Fenitucci sighed. “We’ll do what we can. At least this world was a private holding. The Karas, Melcouri, and Sotoropolis families still have power and position, and can exercise a claim. If they can keep it out, they will.”

“You must also carry back to the people of Colonel N’Gana, Sergeant Mogutu, and even poor Hamille the story of their bravery and dedication,” Kat told her. “Many soldiers die obscure and meaningless deaths, I know, but they did not. They died for something, and they succeeded in what they set out to do. They gave their lives so we could, well, not lose. They deserve to be recognized for that.”

“We’ll take the oral histories down,” Fenitucci promised them. “And we’ll carry your own wishes to the First Families of Helena. That’s all I can promise.” She looked over at Curly, lounging nearby, and at several of the other young men with rippling muscles and substantial proportions in other areas. “Hell, I might even drop back for a bit when I get some time off,” she told them. “Be kind of interesting to go native for a few weeks here. There are some real possibilities. Besides, it seems, thanks to you, that my reputation’s already preceded me anyway.”

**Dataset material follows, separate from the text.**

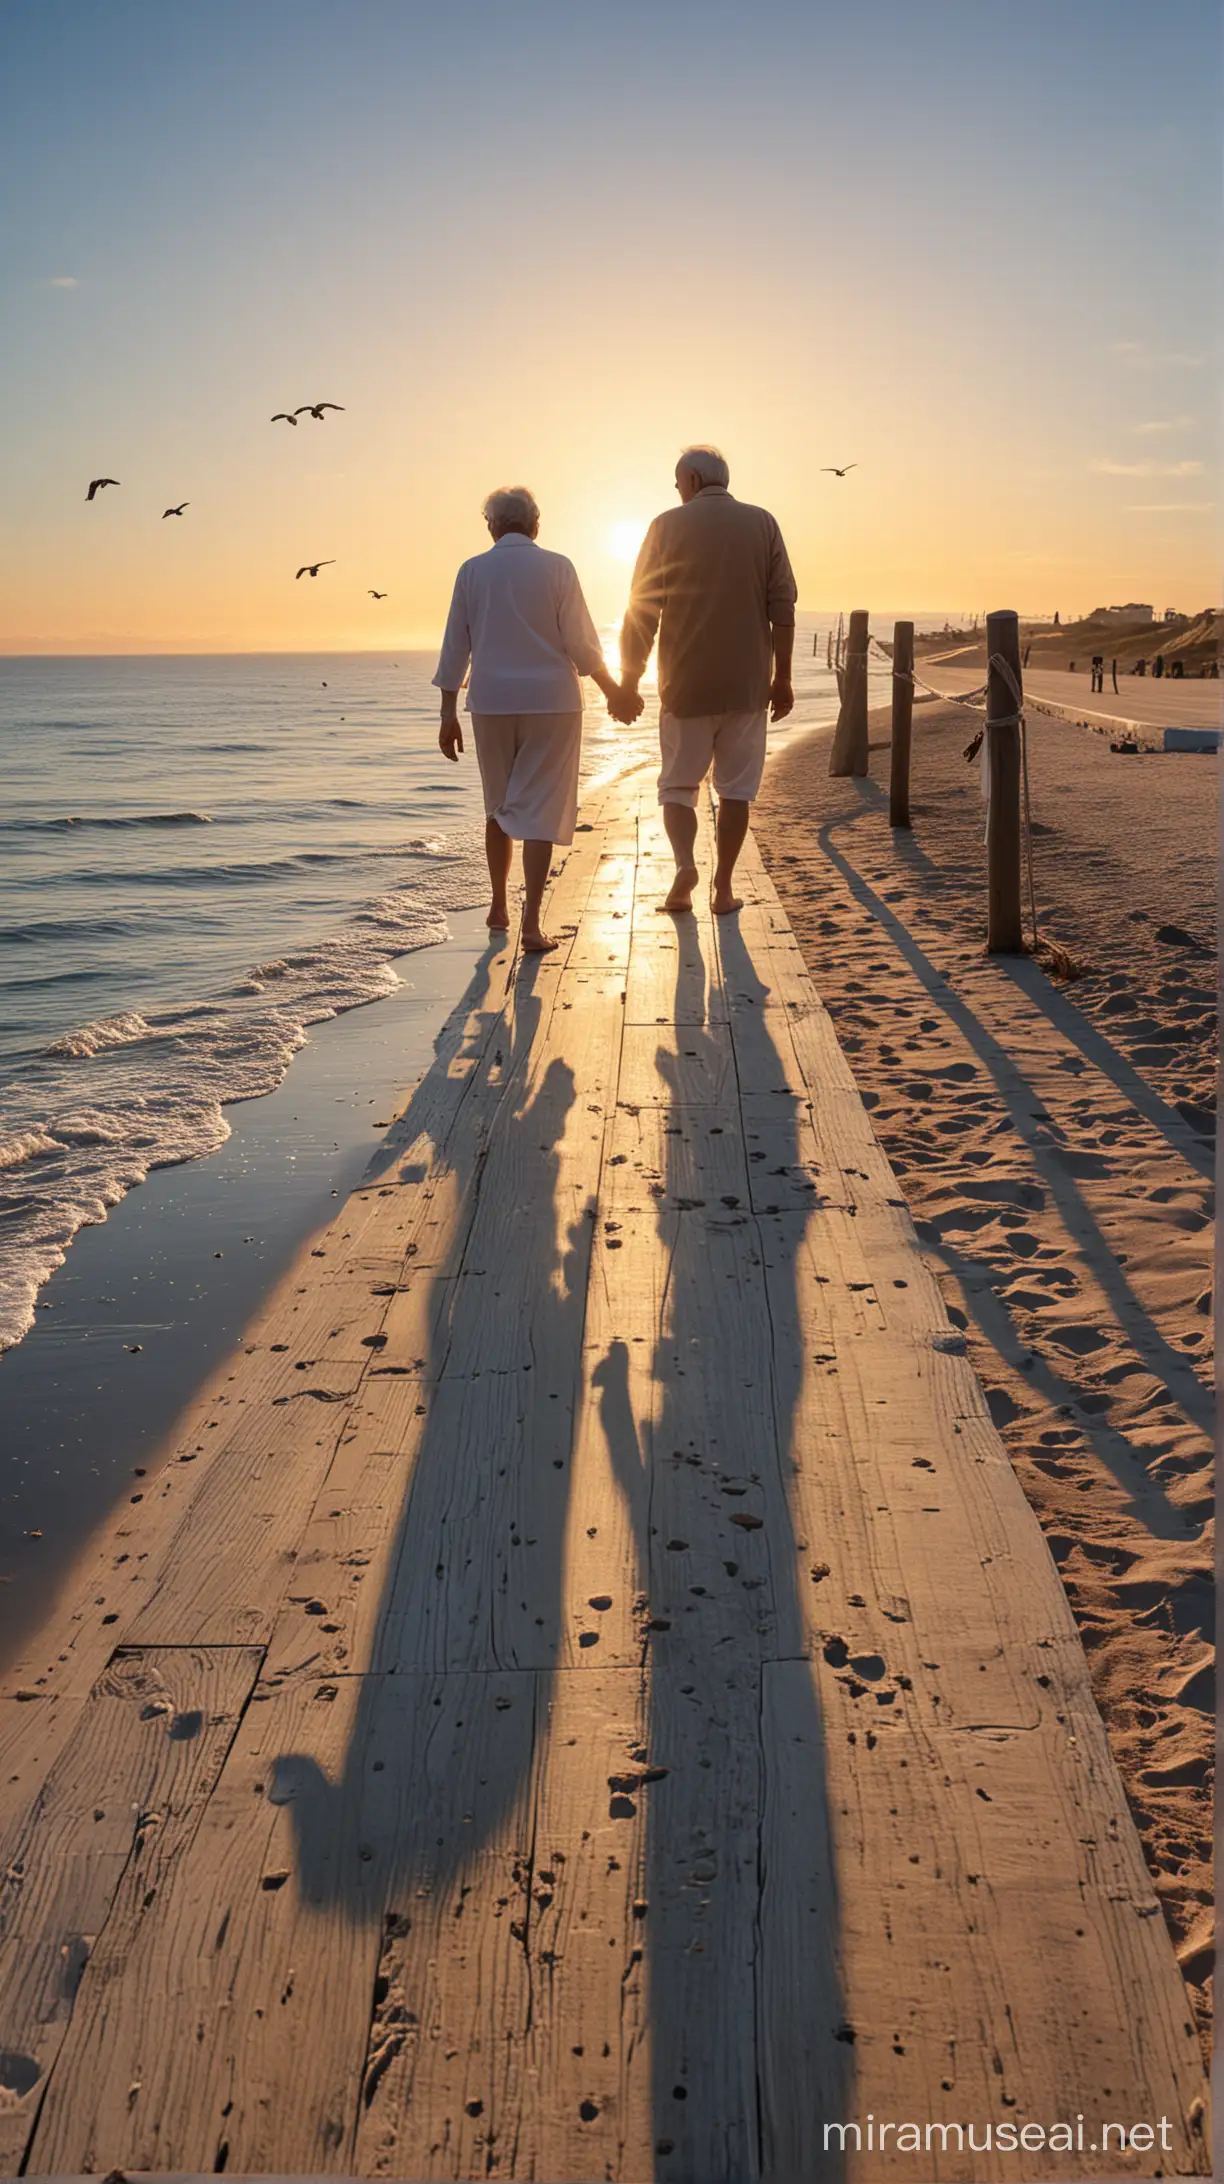  a elderly Italian couple bare feet, walking off together holding hands towards the sunset on a boardwalk on the ocean, clear vivid blue sky with birds, ships in the distance. Warm sunny day. Ultra High Quality, Ultra HD, 8K, Vivid Brushstrokes, real life image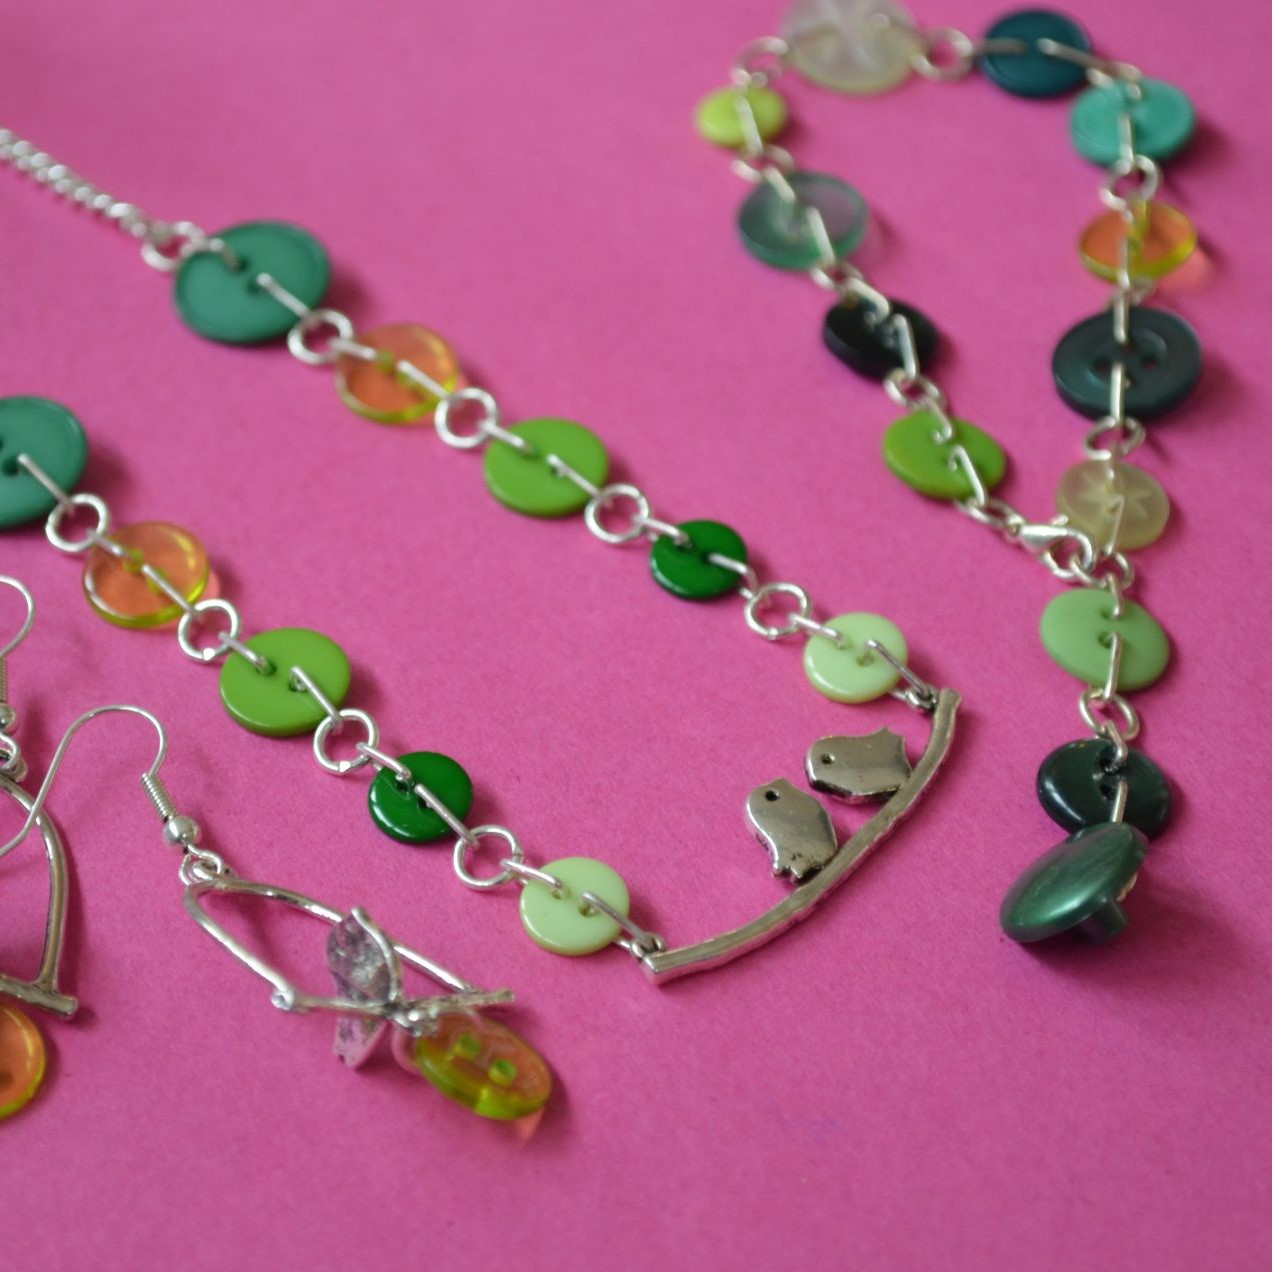 Green Bird on a Wire Necklace

Harker looked sheepish. “Hey, there are only so many stories I could tell…”


As the shadows grew long and the sun began to touch the distant mountains, the two marines headed back to their shuttle, got in, and prepared to depart. They had reports to file, contacts to make, and, as military personnel, perhaps battles left to fight.

As they lifted off, they circled the small coastal village one last time.

“Treasure,” Barbara Fenitucci muttered.

“Ma’am?”

“Nothing. I was just looking at folks one step from the cavemen who live in the open and age at twice the going rate and even though it’s not my idea of how to do it, I can’t shake the idea that I’ve just spoken with some of the richest human beings left around. What do you think, Assad?”

The sergeant shrugged. “I think I want a gourmet meal, the finest wines, in climate-controlled splendor. And for now I’d settle for a soak in a spa bath.”

Fenitucci laughed. “God!” she wondered. “I wonder what my legend’s gonna be like with those people in another fifty years.”

“You think they’ll let them alone?”

“For a while,” she replied. “But, eventually, it’ll be irresistible to the powers that be to meddle. We never learn, we humans. That’s why God sends plagues, pestilence, and occasional Titan invaders to kick our asses and make us think for a while. But we forget. We always forget. Maybe it’s the way things work in the universe?”

“Huh? What do you mean, Lieutenant?”

“Maybe the Titans aren’t so hard to figure out after all. Maybe individuals live to find something of value, but maybe, just maybe, the way the universe works is that the race that dies out last, and with the most worlds, wins.”